I dare to hang up on her.
She’ll be pissed, they’ll all be, but I have to do this. Miel Conde is a bad person, and I’m going to make her pay for her mistakes.
It’s what I do.
No one gets away on my watch.
Chapter Nine
/> Miel
It storms on Saturday, so it’s a slow night. Sometimes bad weather makes people rush to any indoor activity, sometimes it makes them hole up in their hotel rooms. It’s luck of the draw. Tonight, it’s bad luck for me.
The Breaker will be coming for King’s cut in a couple hours, so I busy myself running oily singles through the bill counter. We’re a little lower than last week. I can’t help but feel that’s somehow my fault. All I have to do is make sure things run smoothly, and things did, but I’ve never been more distracted. I hope this doesn’t make King change his mind about increasing our delivery.
I need to solve my Reggie Andrews problem, and fast.
Someone raps on the door, too light and shy to be Lucia. I shove the stacks of cash out of sight, and yell at the knocker to come in.
It’s Mallory, one of the kids who helps run the bar on weekends. She’s way too young to be serving booze, but she needed the money, and I needed the cheap labor.
“Mal, what’s up?”
“Um,” she begins, tugging at the already loose knot of hair atop her head. “There’s something wrong with a delivery.”
“Okay, so get Liam, or Lucia.”
“They’re busy,” the young girl says quickly. She’s on edge, but she’s always been nervous by nature. It’s fucking annoying. “And the guy says he wants to talk to the boss.”
I sigh and push out of my chair. It’s late for a delivery, but with the kinds of deals King cuts for us, most of our business happens under the cover of darkness. I’m too tired to question it.
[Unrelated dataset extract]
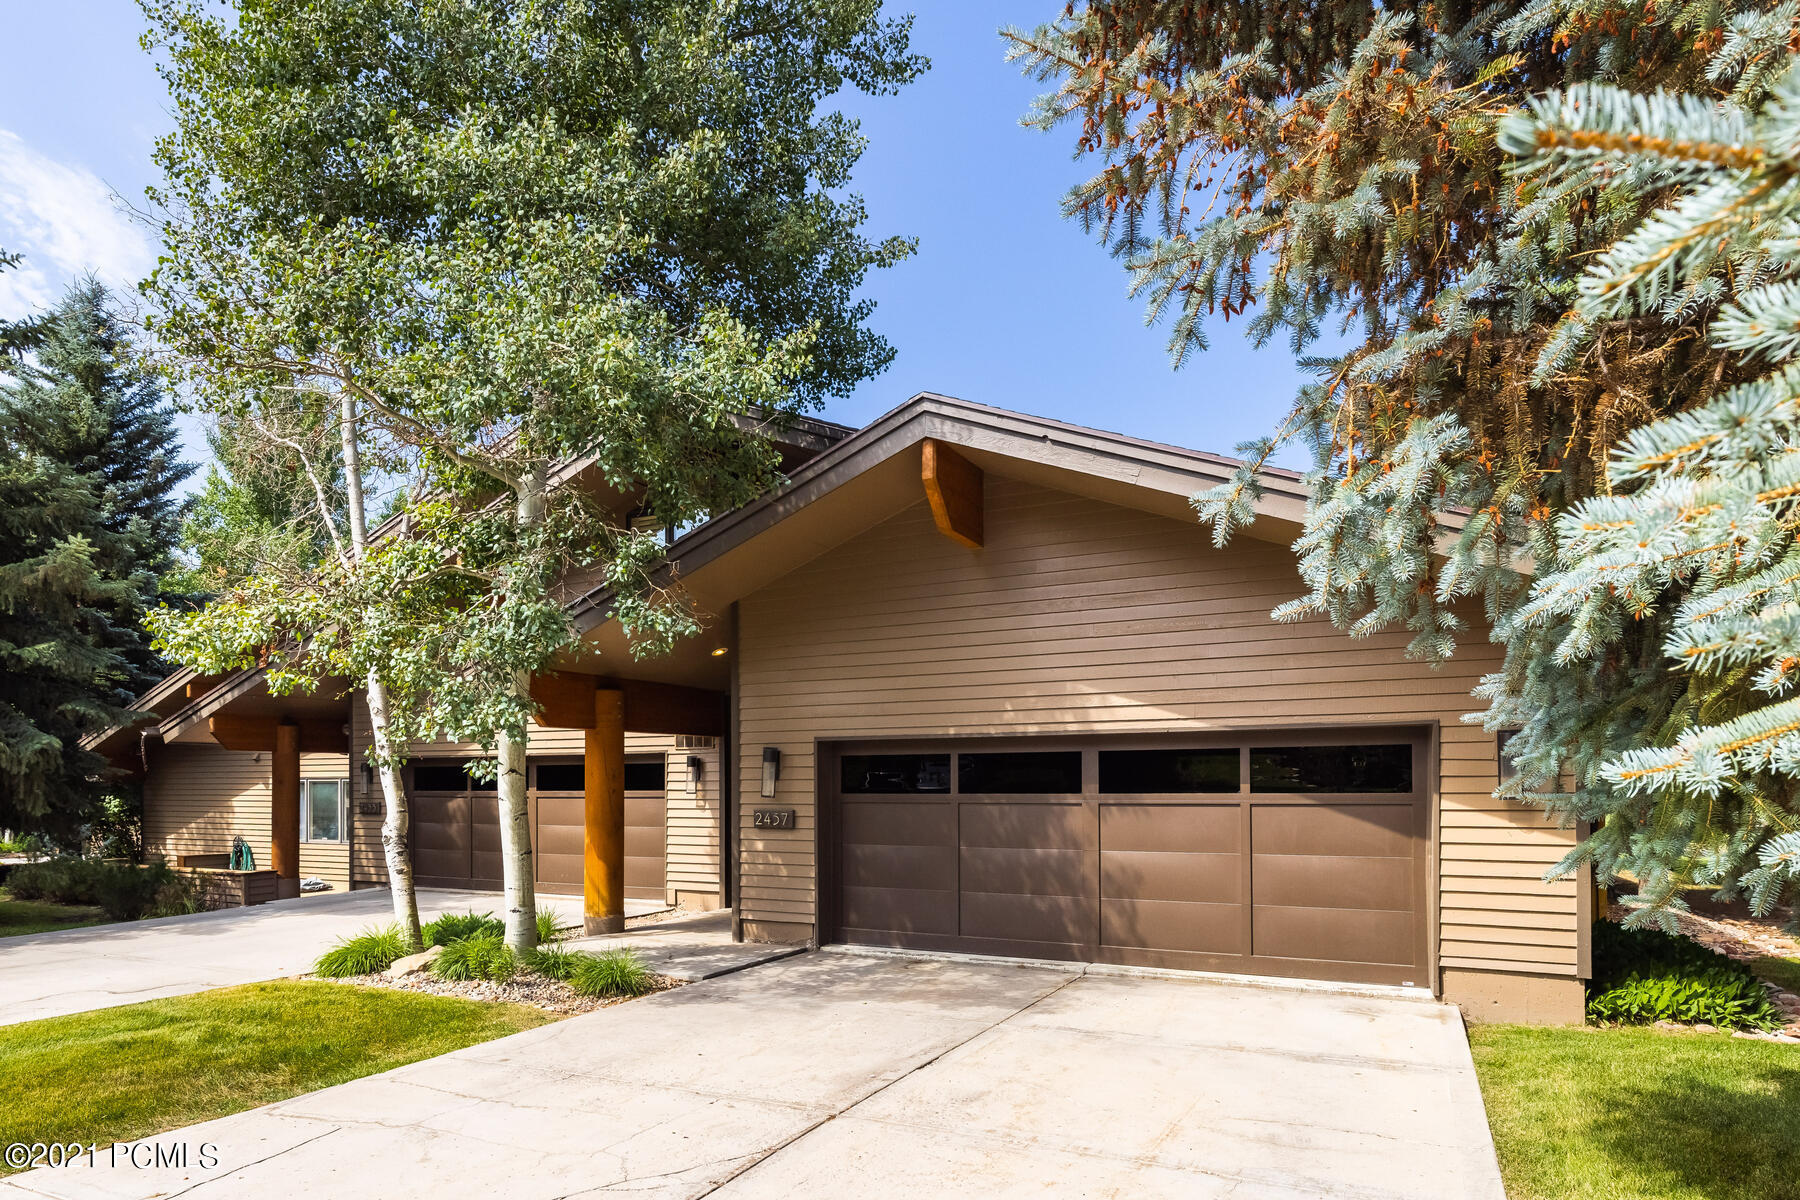 2457 Fairway Village Drive, Park City, Utah 84060, 3 Bedrooms Bedrooms, ,3 BathroomsBathrooms,Condominium,For Sale,Fairway Village,12102943

I follow Mal down the hall toward the back entrance, only realizing I left my leather jacket behind when we’re almost to our destination. The rain outside is hitting hard enough that I can hear it, even over the fading sounds of Sam’s set. Fuck, no wonder it’s a ghost town in here. Mal pushes the thick metal door open, and I follow her out, my hand up to shield my face from the downpour. It’s a useless gesture. In a moment, my hair is heavy and wet, and even my waterproof eyeliner must be dripping down my cheeks, beaten off by the sheer force of the storm.